**WORK ORDER**
This task asks for the lines from the one with "Beautiful Central Park elopement locations" to the final line below, repeated exactly, with pictures omitted.

*** Opening DATA SEGMENT ***

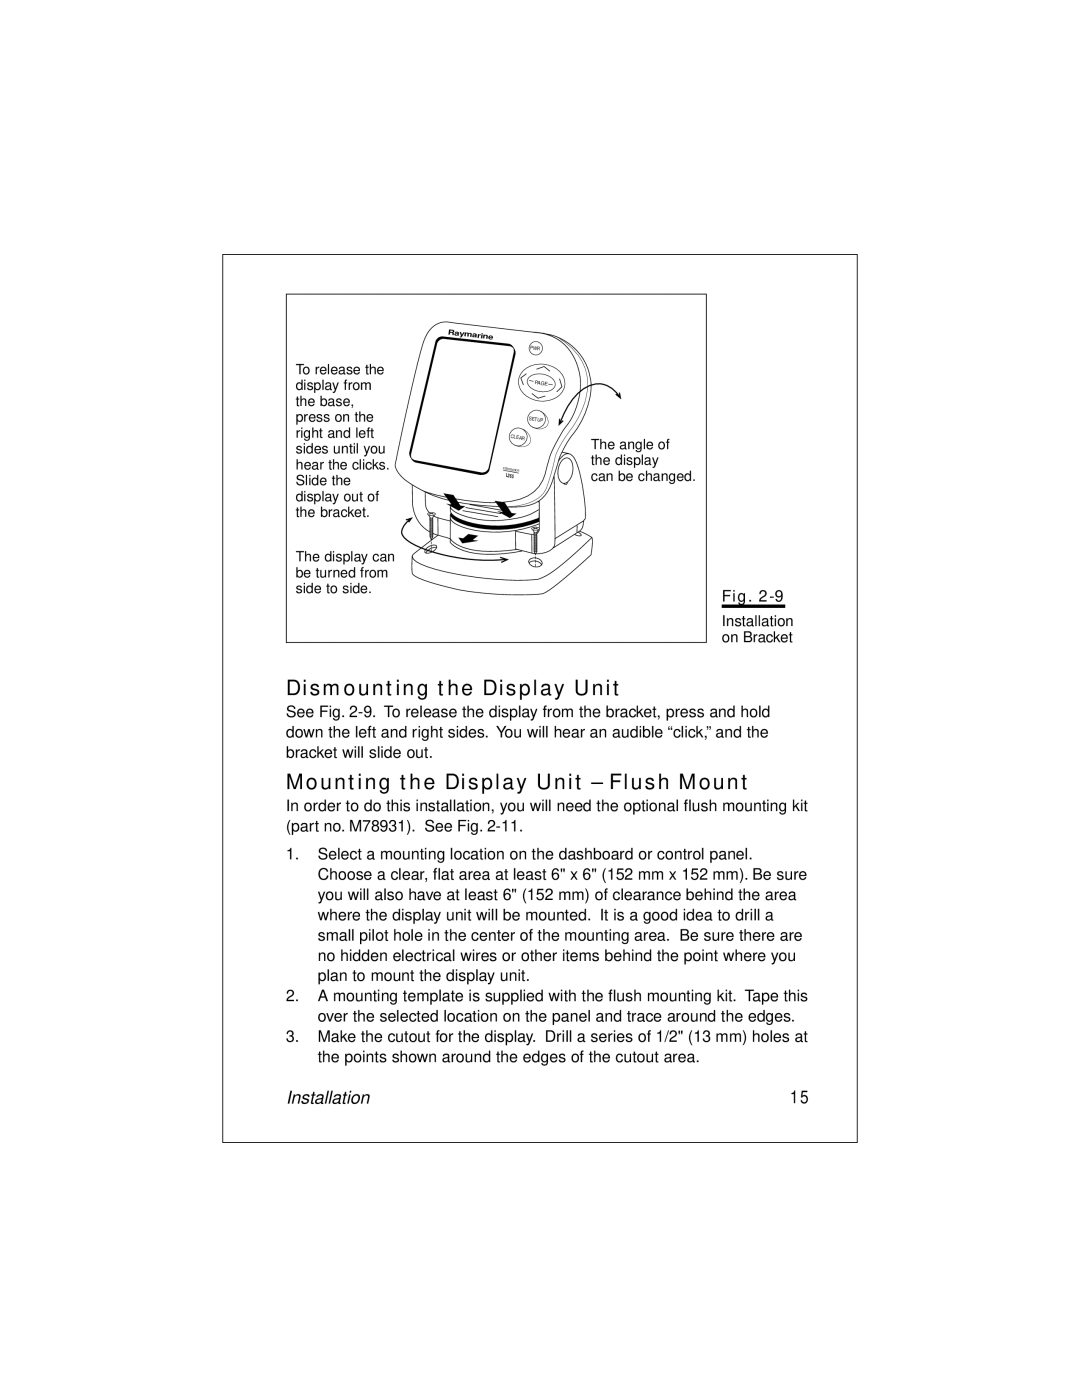 Raymarine L265 manual Dismounting the Display Unit, Mounting the Display Unit Flush Mount 
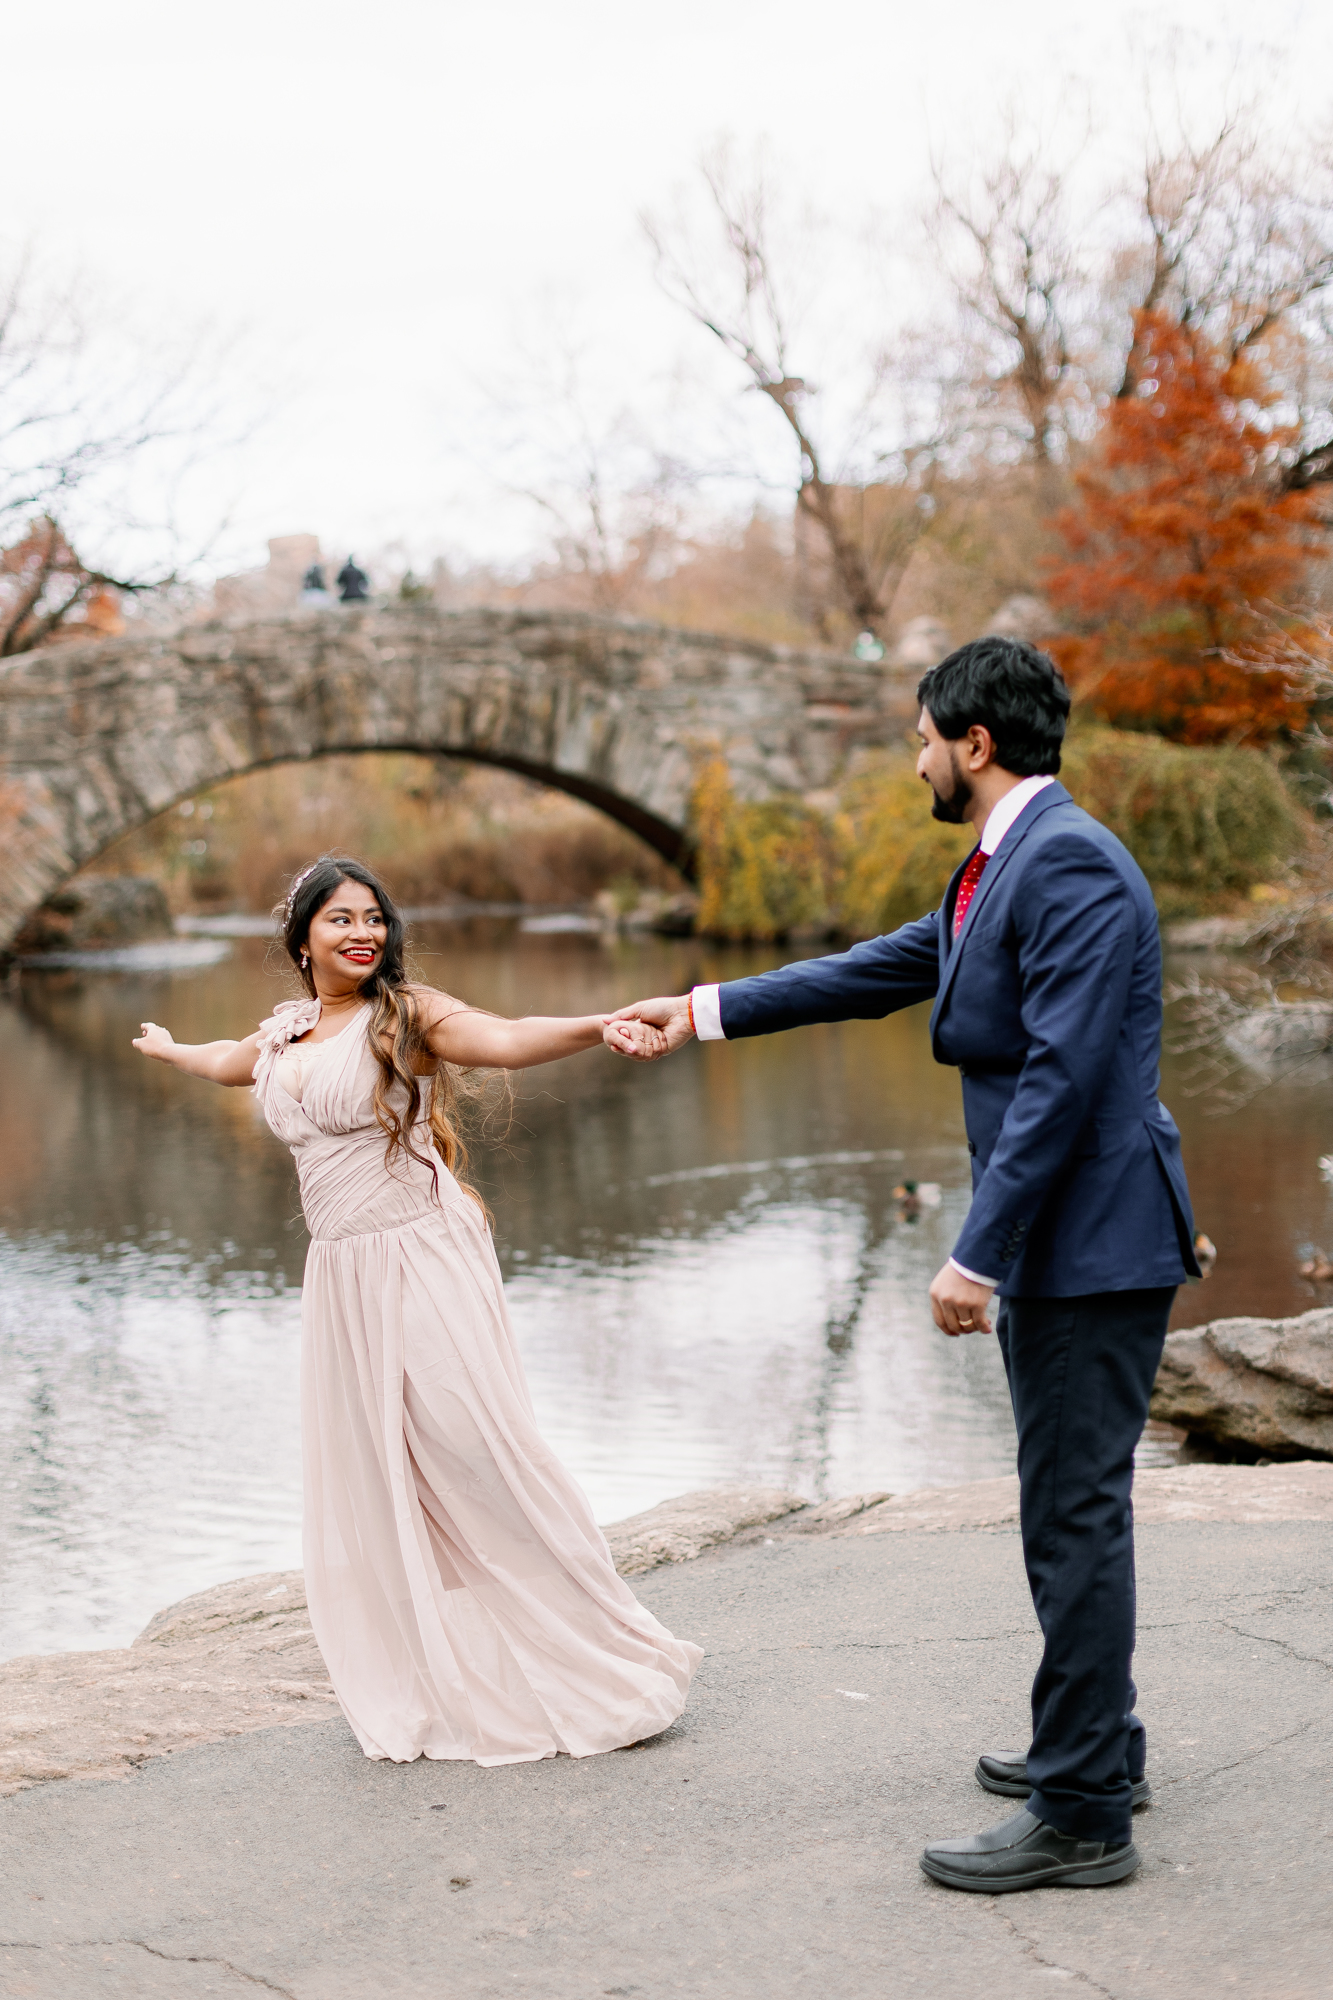 Beautiful Central Park elopement locations
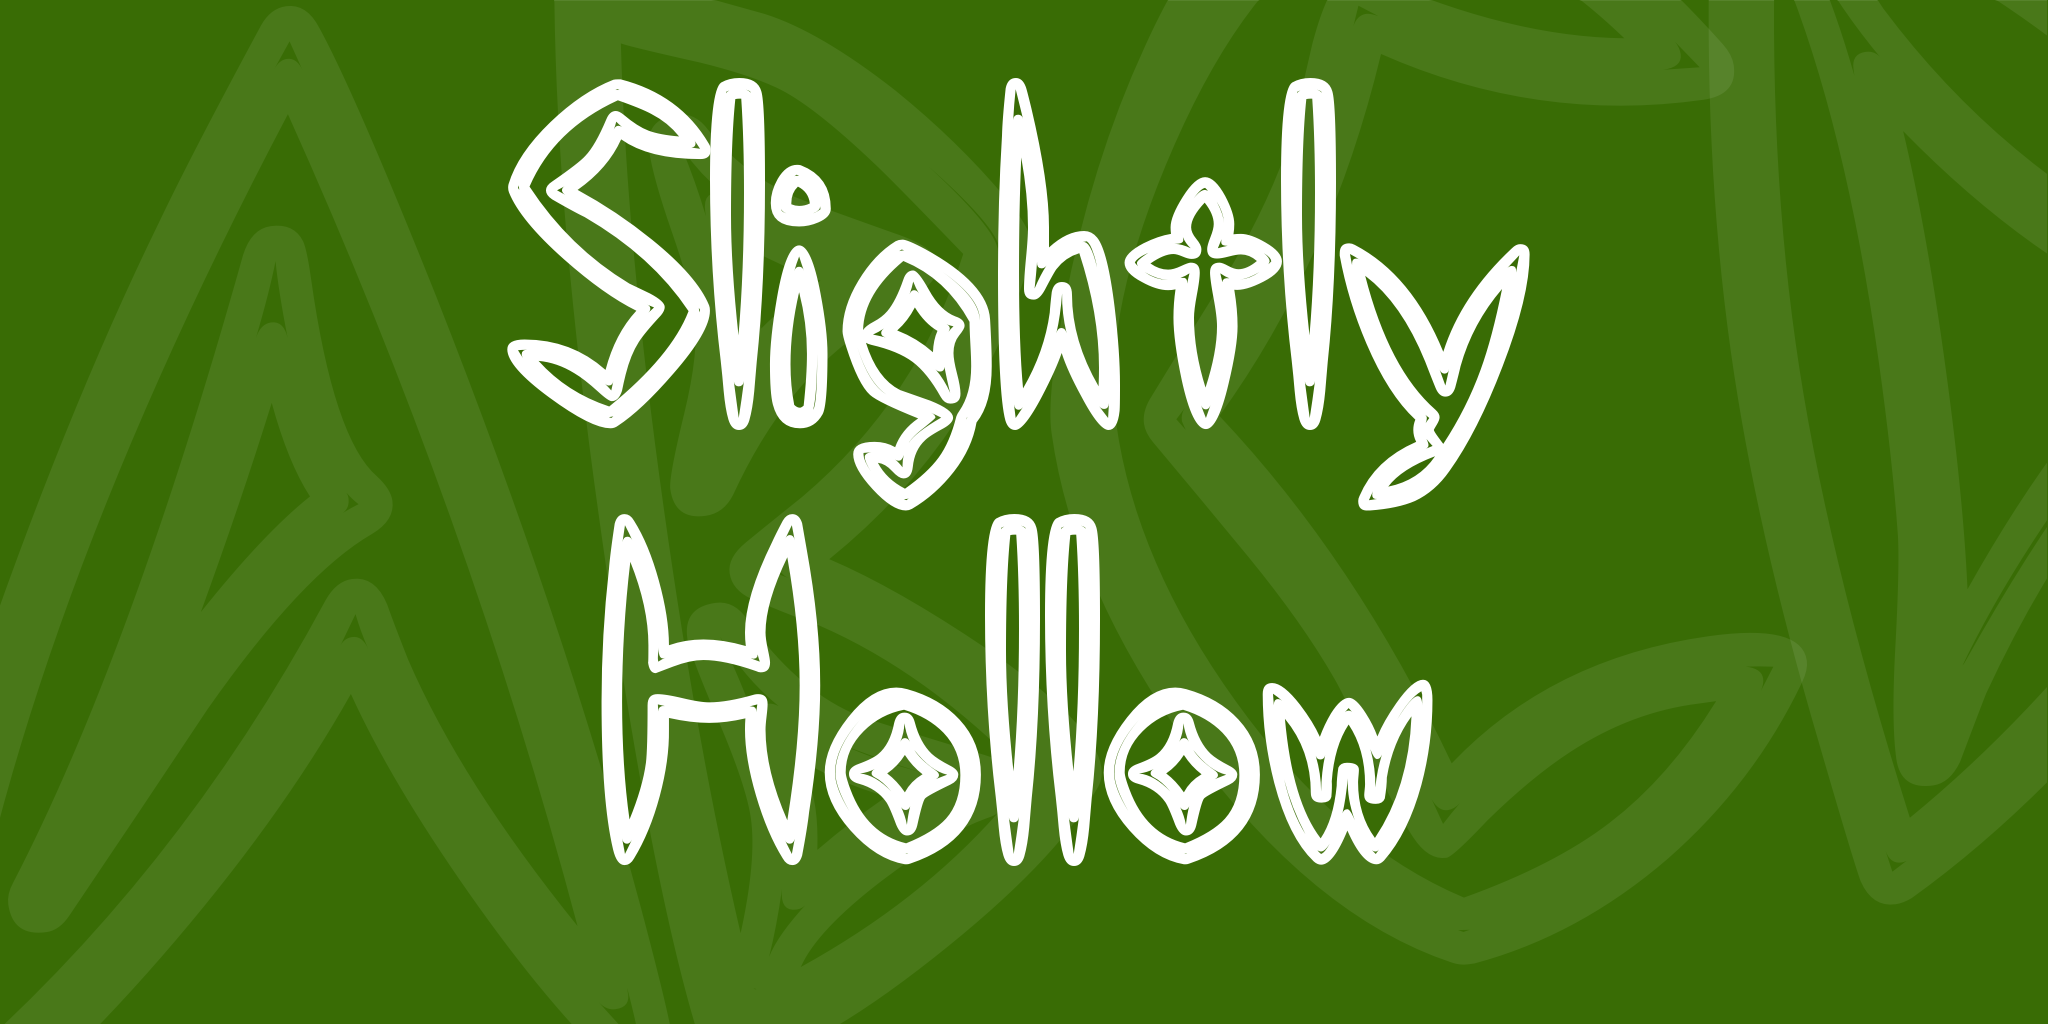 Slightly Hollow

*** Closing DATA SEGMENT ***

**TASK ANSWER**
 Beautiful Central Park elopement locations
 Slightly Hollow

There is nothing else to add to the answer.